One of the best dishes at Small Plates consists of a combination you wouldn't expect to knock your socks off. New Bedford scallops are seared and served with black sticky rice and caper berries. The rice tastes almost as if there's coconut milk in it (it's just rice, water, salt, and pepper, Picca says later). The caper berries, briny as bladderwrack, offer crunch with their many seeds. The nuttiness of the rice, pucker of the caper berries, and sweet sea flavor of scallops are an improbably complementary trio. This is the kind of eclecticism Small Plates is aiming for.

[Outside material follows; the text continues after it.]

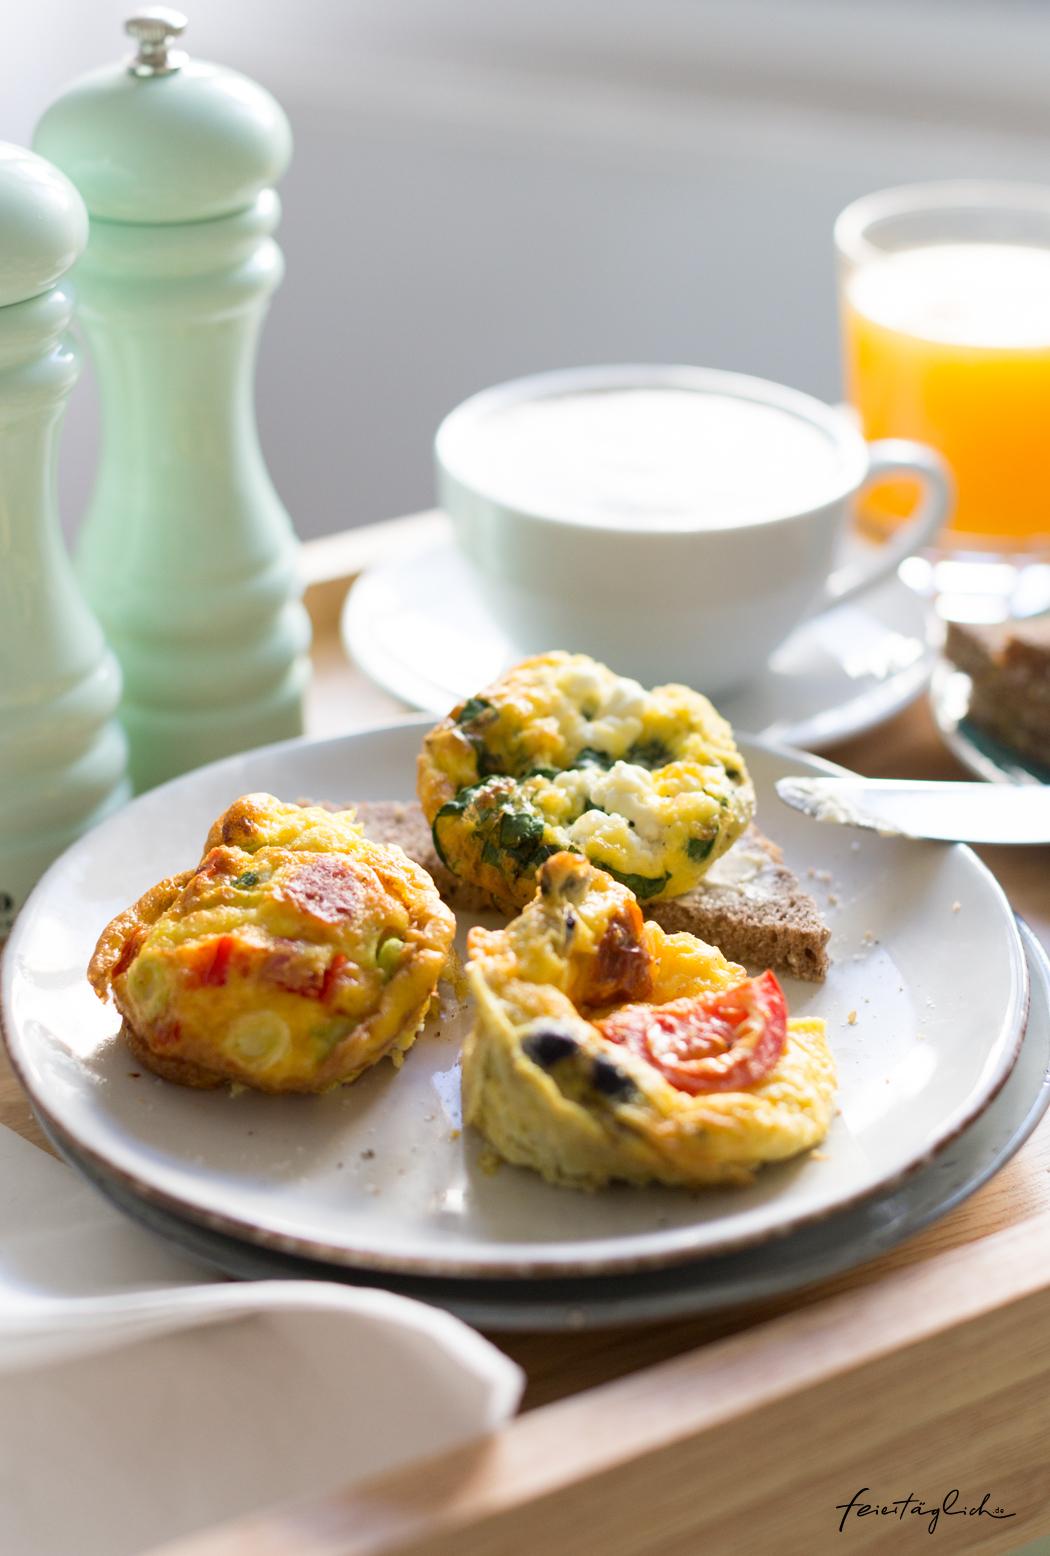 Rezept Omelette aus der Muffinform, Frühstück im Bett

Not so much that of the vegetable strata, the accompaniments of which are described as "jal freze, curry oil." It sounds so intriguing! And it is beautiful to look at, though nothing like the eggy dish one might expect (it's vegan). The "strata" here are literal - layers. It's a rainbow stack of vegetables: a round of beet, a slice of jicama, a sliver of carrot. But where the description made it sound exotic, it's something a rabbit might enjoy (though not a Cajun braised rabbit). If there's curry oil, we can't find it. It would be nice to taste more of the bright green jalfrezi, a mixture of peas and aromatics.
Likewise, the spicing on that Cajun rabbit is as timid as a mouse. And the blue cheese raclette is not a raclette, but more of a terrine - a crumbly mound not even a little melty. After trying a bite, everyone smiles politely and moves on.
The night we have pi a la mood, it's a dense, cocoa-y concoction that satisfies the chocolate urge. There's no point in describing it further, because the chef may no longer be in that mood if you visit Small Plates. You might find another chocolate version, though, one involving roasted bananas or mango coulis, or maybe a peach-pear cobbler. Or try the pear and frangipane tart, almond-y goo and fruit atop a nice, buttery crust. The jasmine rice pudding sounds seductive, but it's a dry, cold, tasteless hillock of rice; it might worth ordering, though, for the shot of sweet and spicy Mexican hot chocolate it's served with.
Small Plates bills itself as a restaurant and wine bar, and after a struggle with licensing it's now able to start fulfilling the second part of its mission. Right now it has a short but sweet list of glasses, half bottles, and bottles, as well as sangria and rebujitos, the wine-and-soda cocktails popular in Spain. Picca says they'll be introducing more wine and beer cocktails as the weather gets warmer.
Clearly, Small Plates wants to make Nanthida happy forever. And you, too. It's what you'd expect from a restaurant based around the concept of sharing.